Andy Murray wins Davis Cup singles rubber to level final
Andy Murray kept Britain in contention in the Davis Cup final when he beat Belgium’s Ruben Bemelmans in straight sets to leave the two nations level at 1-1 after the opening singles Friday.
It brought his singles record in the competition to 12-2, his two previous losses both coming in five-setters after he had led by two sets to love.
Murray would grab an early advantage by breaking to go 2-0 up in the first, with it seeming like the Scot would walk the set with relative ease.
Edmund’s effort in his debut Davis Cup appearance was an impressive one, but it is Murray who, not for the first time, and not the last this weekend, continues to lead by example as soon as he dons the British colours.
Andy Murray was sacked up during his 6-3, 6-2, 7-5 Davis Cup victory… Edmund seemed only a set away from becoming the first player in Davis Cup history to win a live rubber on debut in the final, but tennis is a odd sport sometimes.
Goffin tested Edmund’s nerve by winning three games in a row, but the 20-year-old passed it with flying colours, clinching the set with an ace.
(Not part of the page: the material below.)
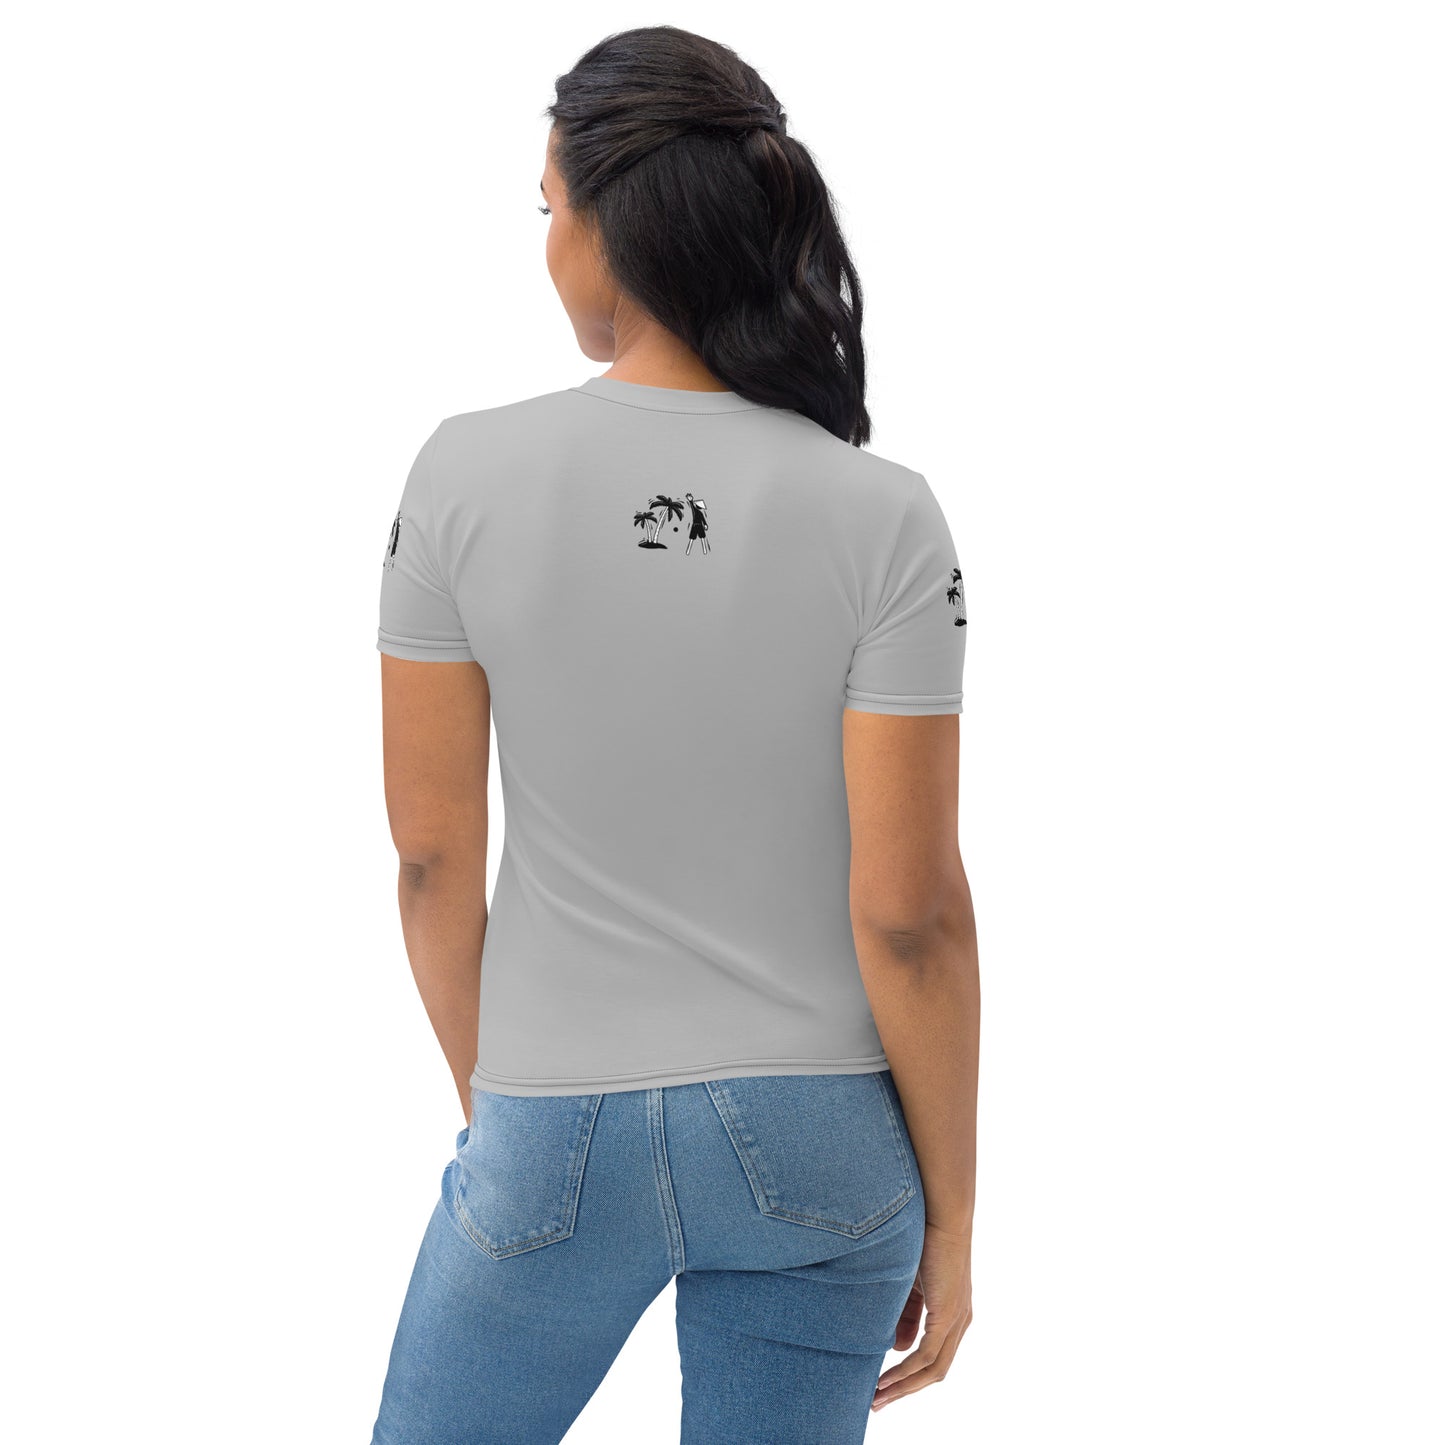 Gray V.Localized (Black/White) Women’s Dry-Fit T-Shirt

The Belgian saved a set point in the sixth game and broke Edmund in the next one, but it was too late for a full comeback, as Edmund won the opener 6-3.
“The third set he started to get on top of me”.
With the final tied at 1-1, the focus will now switch to Saturday’s potentially decisive doubles when Murray will link up once again with older brother Jamie, before taking on Goffin in the first of Sunday’s reverse singles.
“I believe in myself”, said Murray.
Bemelmans didn’t lack confidence, playing some eye-catching drop shots to an appreciative home support to draw level at 2-2, no doubt trying to tire Murray out for matches still to come. “Every point is. But I don’t think for either team, if you lose it, that the tie is over because I think both teams are capable of winning all of the points here”.
Belgian captain Johan Van Herck pleaded with the German match referee in the third set not to penalise his team for the reaction of their fans, which is a potential penalty available under ITF rules. “I didn’t think they crossed the line, to be honest”, he said.
“When I lost the point, I didn’t know why he’d called 30-love”, Murray said. It was just disappointing that my body couldn’t hold up the way I would have liked it to.
Goffin, who weighs under 11 stone, and is an inch under six feet, isn’t the most physically imposing of players.
But progressively, from the third set onwards, he said that he had started to feel fatigue and cramping in his legs.
Because the surface is slow, I do not believe it will be a classic doubles match in which everyone serves and volleys all the time. I could feel them straining a bit and cramping a bit. That was why I went to speak to the umpire, because literally I had no idea about either of the warnings because you can’t hear anything on the court.
“The experience I’ve had close to that is probably in Paris in my (French Open) first round when I played a French guy in front of a loud French crowd”.
In his first Davis Cup match, he has taken two sets off the world No16, and there were so many positives about the way he played.